3. The Smear-to-Edge Transition: Practice stepping from a positive edge onto a nearby smear, then back. Learn to feel the difference in contact and weight distribution. This mimics real route climbing where features are mixed.

Progress here is measured in confidence, not grades. The first time you rest in a stem on lead, or smear confidently past a blank section, you'll feel a different kind of climbing unlock.

Your Advanced Technique Questions Answered

How can I build confidence smearing on a featureless slab?

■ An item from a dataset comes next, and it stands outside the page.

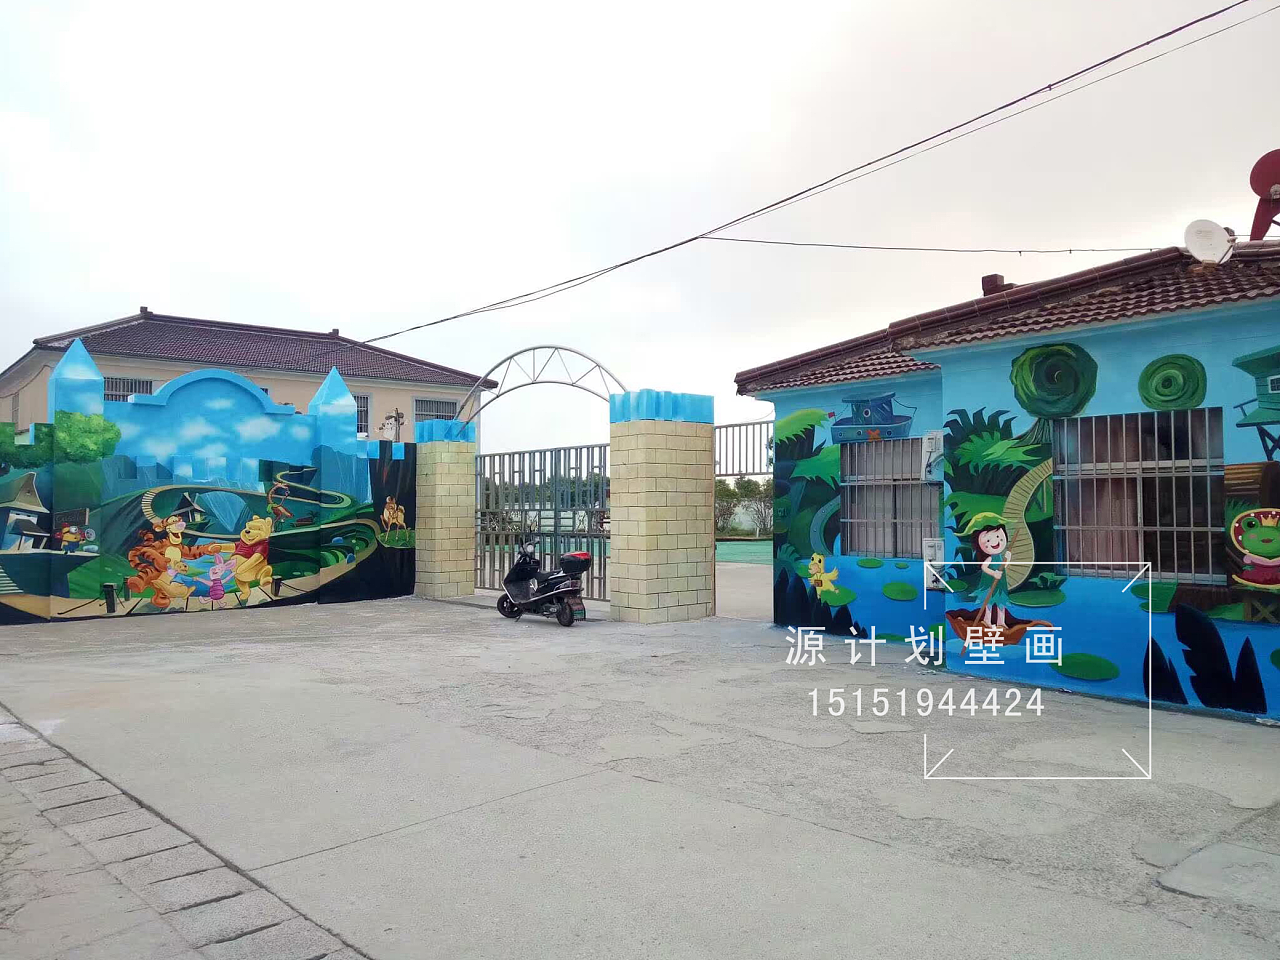 川埠幼儿园墙面手绘

Forget just trusting your shoes. The key is to trust your ankle. Most climbers keep their ankle stiff, which creates a single, unstable point of contact. Instead, think about 'rolling' your ankle slightly as you step, allowing the soft rubber of your shoe to mold to the microscopic texture of the rock. This increases the surface area and creates a suction-like effect. Practice on a low-angle slab where a fall is harmless. Close your eyes, place your foot, and focus on feeling the rock through your shoe. Shift your weight onto that foot slowly, keeping your hips low and centered. The confidence comes from understanding that the friction is real and physical, not magical.
What's the most common body position mistake when stemming in a wide crack?

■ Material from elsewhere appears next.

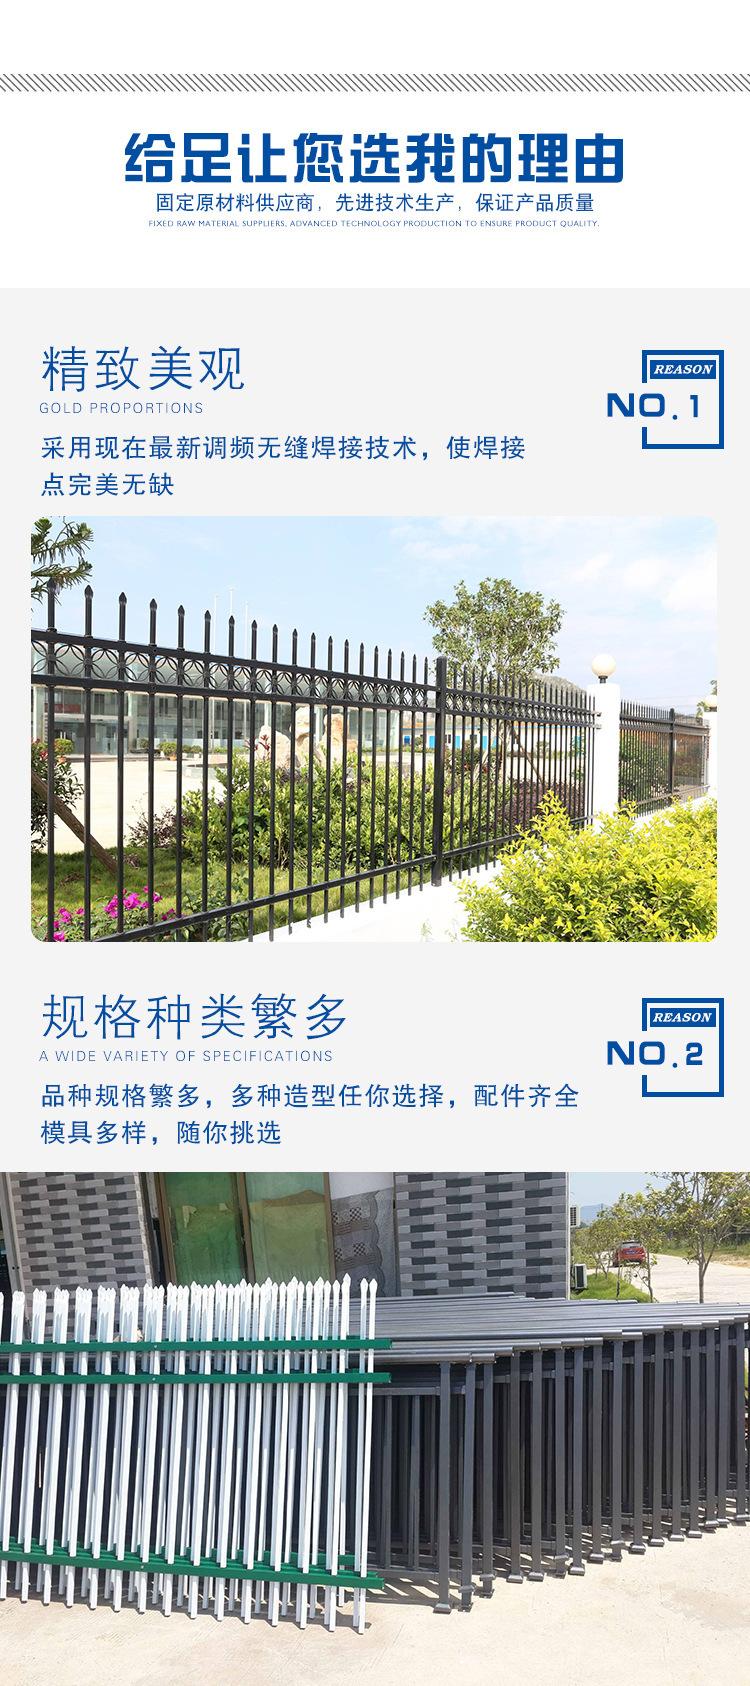 厂家生产 锌钢护栏 栅栏小区 别墅厂区室外绿蓝白喷塑铁艺围栏示例图2

The classic error is stemming with straight legs and a sagging core. It looks like a human starfish plastered against the wall, and it's exhausting. Your legs are powerful pistons, but only if they're engaged. In a wide stem, you need to create outward pressure. Bend your knees slightly and actively push your feet away from each other, as if you're trying to widen the crack. This engages your glutes and quadriceps. Simultaneously, tighten your core to keep your hips from dropping. Your body should form a rigid, triangular bridge between the two walls, not a wet noodle draped across a gap. The force should be horizontal, not just downward.
stemming climbing techniqueWhen should I choose a smear over searching for a tiny edge?

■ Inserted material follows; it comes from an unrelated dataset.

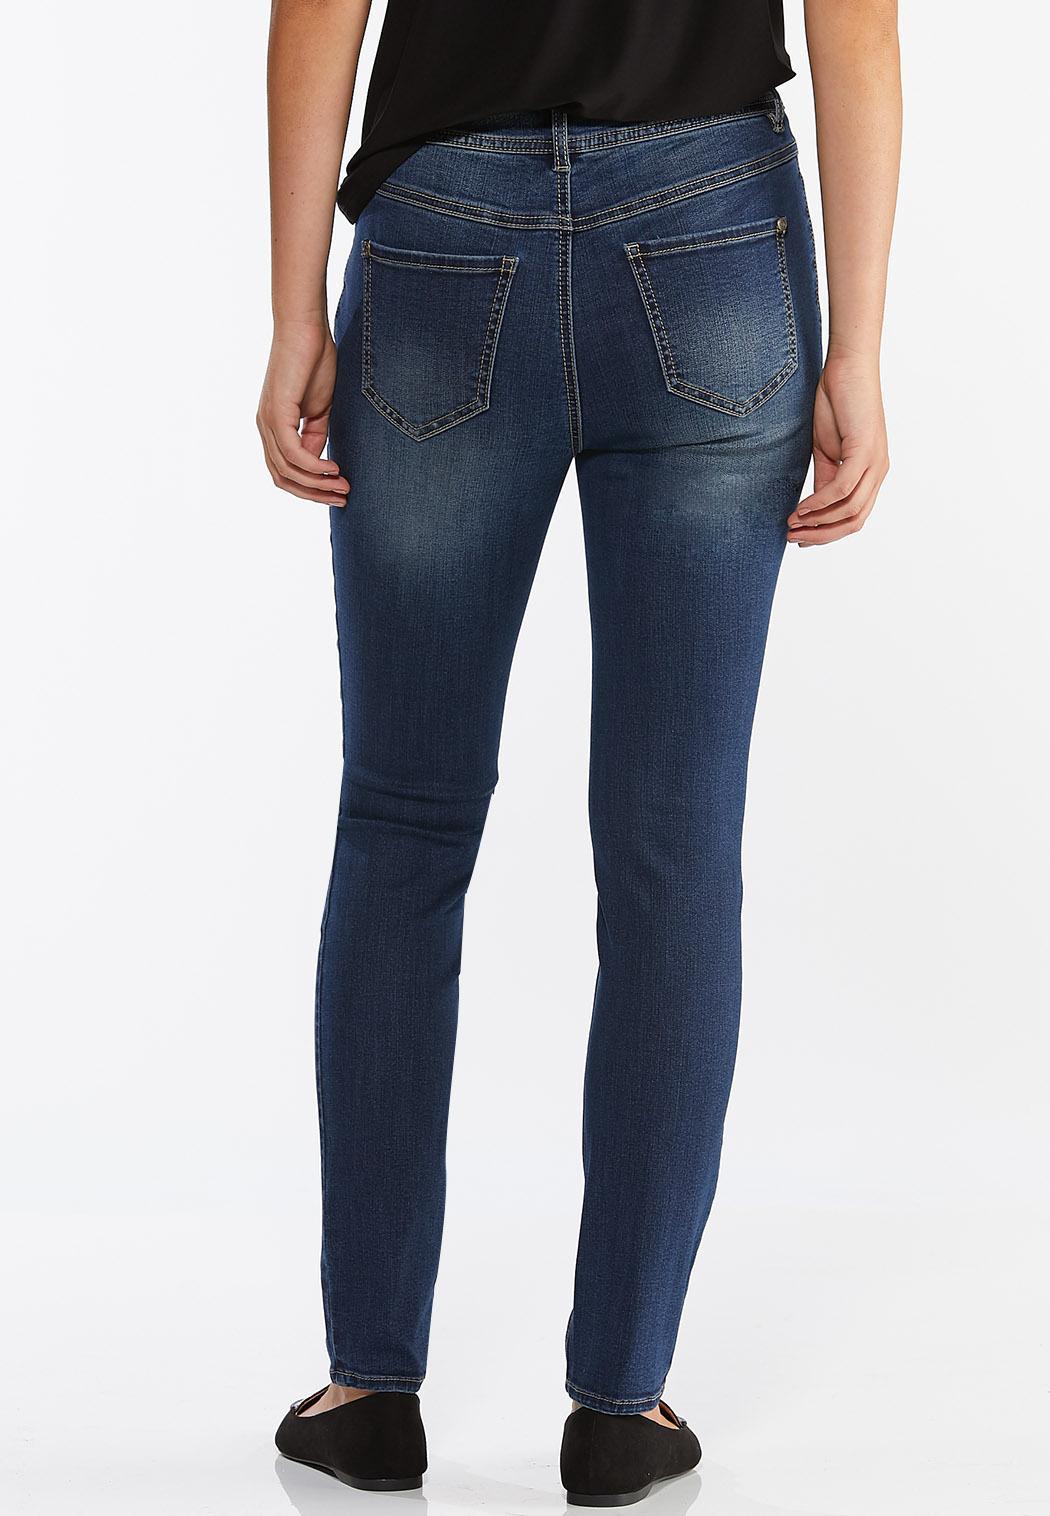 Skinny Jeans (Item #44332125)

This is a tactical decision based on energy and stability. Always choose a solid edge or crystal if it's available. But when the 'holds' are just grainy patches of rock, a well-executed smear is often superior. Look for a smear if: 1) The potential edge is so small it would only accept your toe, forcing your heel high and your body tense. A smear with a flat foot lowers your center of gravity. 2) You need to move dynamically or make a long reach. A smear provides a larger platform to push off from. 3) The rock is granite or rough sandstone with high inherent friction. On slippery limestone, a minuscule edge might be safer. The rule of thumb: smears for control and movement, micro-edges for desperate, static pulls.
Do I need special rock climbing shoes for advanced techniques like smearing?
Not 'special,' but appropriate. A shoe with a completely downturned, aggressive toe hook is terrible for smearing. That curved rubber isn't designed to make full contact with a slab. You want a shoe with a flatter profile, a generous amount of soft, sticky rubber on the forefoot (the 'rand'), and a comfortable fit that allows you to splay your toes slightly. Tight shoes numb your foot's ability to feel the rock. For stemming, a stiff midsole can help support your foot when edging on opposing walls, but too stiff and you lose sensitivity for smearing. Many all-around moderate shoes are perfect for learning these techniques. Don't blame the gear; focus on footwork first. Master the technique in your current shoes, then upgrade if you feel the rubber is truly holding you back.

Mastering smearing and stemming doesn't happen overnight. It's a slow accumulation of trust—in the physics, in your shoes, and in your own ability to read the rock. Start by adding one deliberate smear or stem per climbing session. Pay attention to the feeling when it works. Before long, you'll stop seeing blank rock and start seeing a canvas of possibilities. That's when the real adventure begins.